In 1825 the duration of active service remained at 25 years for line regiments, with shorter periods of 22 years for the Imperial Guard and 15 in support and technical corps. In 1834 it was reduced to 20 years plus 5 years in the reserve and in 1855 to 12 years plus 3 years of reserve commitment. Following the 1834 changes depot battalions were established in recruiting districts for each regiment to enable basic training for conscripts. Allocation to a particular corps was on the basis of build and appearance (regiments of the Imperial Guard), education (literate conscripts became clerks or went to the technical branches), and skills (lighter men with equine experience went to the cavalry). The great mass of conscripted recruits were allocated to the line infantry. At least in peacetime this system of arbitrary allocation was to continue until the end of the Russian Empire with no provision being made for individual preferences.

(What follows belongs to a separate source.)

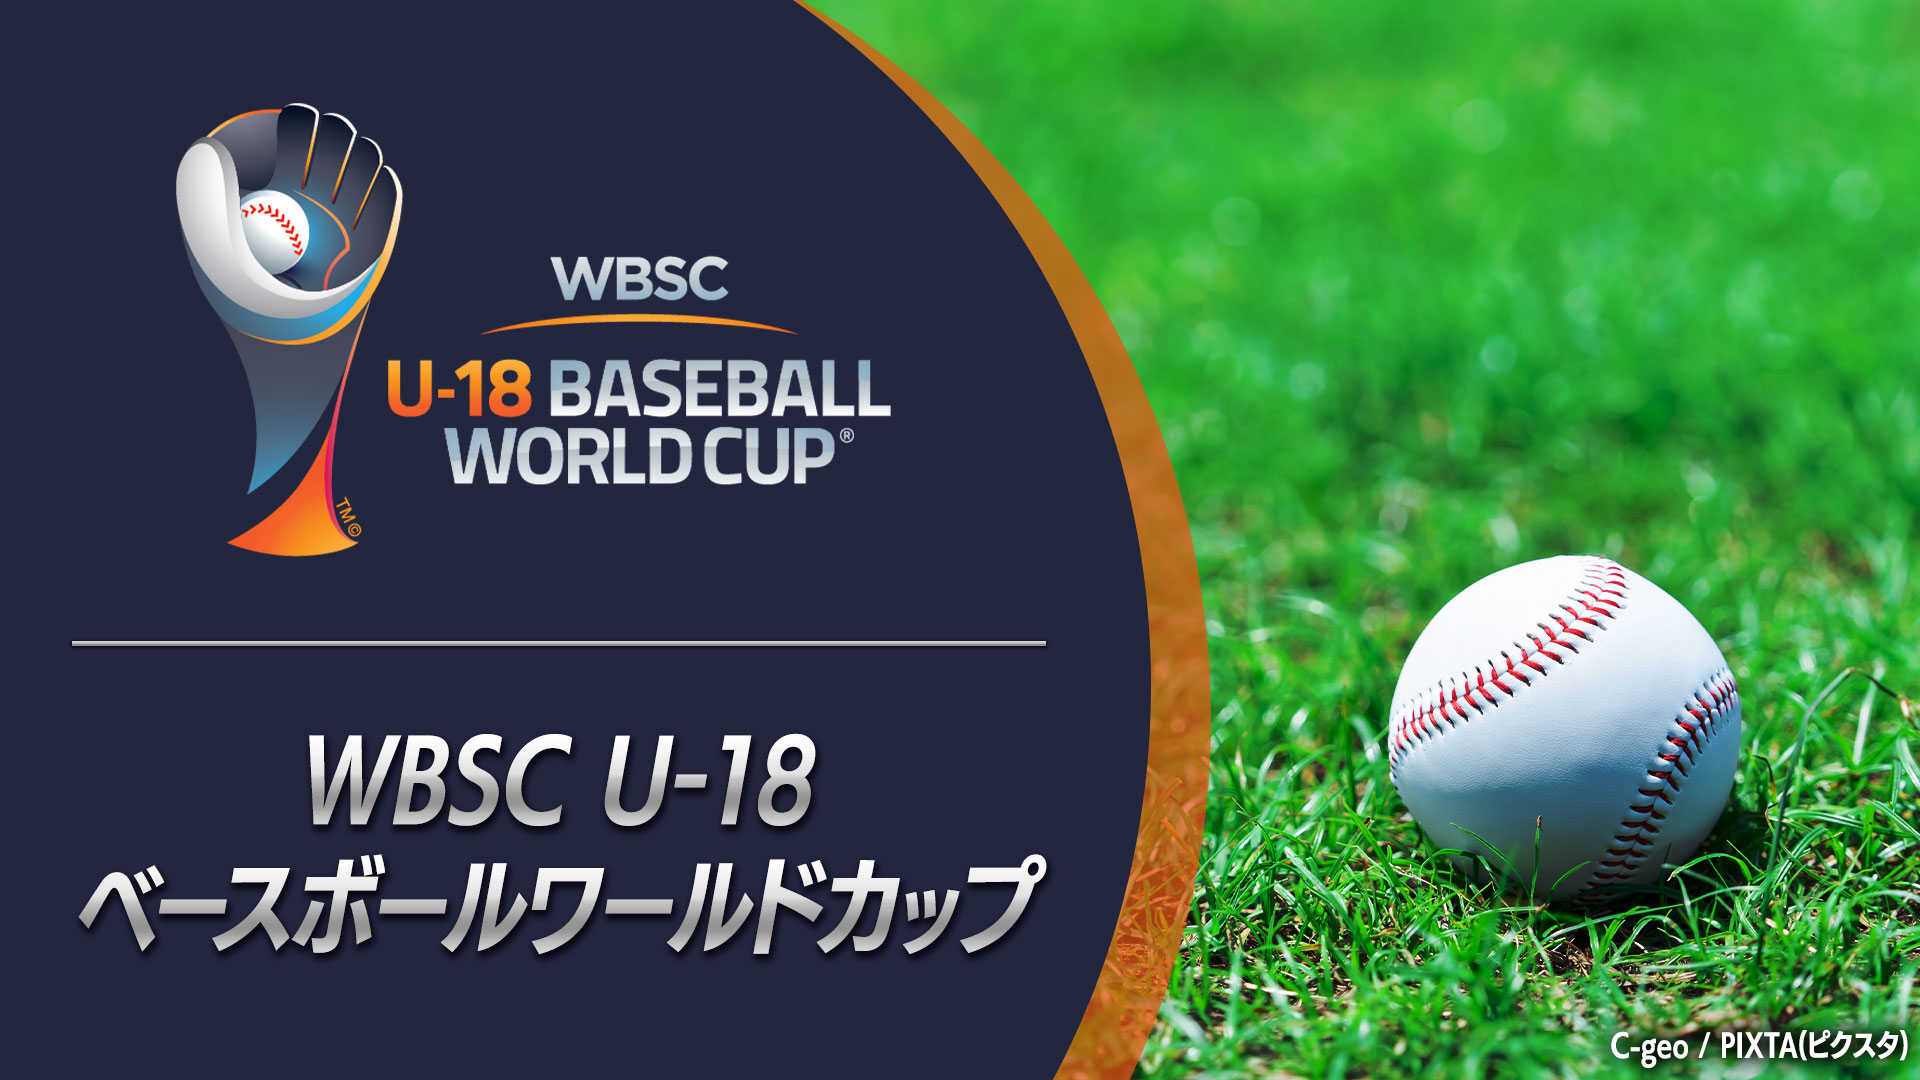 WBSC U-18 ベースボールワールドカップ

After the Russian defeat in the Crimean War during the reign of Alexander II, the Minister of War Dmitry Milyutin introduced sweeping proposals for military reform, with draft provisions presented in 1862. As part of these reforms, in 1856, a conscription statute was approved by the tsar making military service theoretically compulsory for all males at the age 20. The period of service was reduced to 6 years full-time plus 9 years in the reserve. This conscription measure created a large pool of military reserves ready to be mobilized in the event of war, while permitting a smaller active army during peacetime. Prior to the Milyutin reforms the Russian army had effectively been a long-service force with limited reserves, since many men who had completed their 25 years of service would not be physically fit for active service if recalled to the colours.

The six years of service "with the colours" required of Russian conscripts after 1874 was modified by a general practice of allowing individuals to take extended leave for the last twenty-four months of their obligation for active duty. Once released from full-time service, a former conscript was still liable to be recalled to help bring a regular unit up to full strength in the event of general mobilization or to replace casualty losses. After six years with the reserve his commitment was reduced to service with a behind-the-lines garrison unit, unlikely to see actual battle.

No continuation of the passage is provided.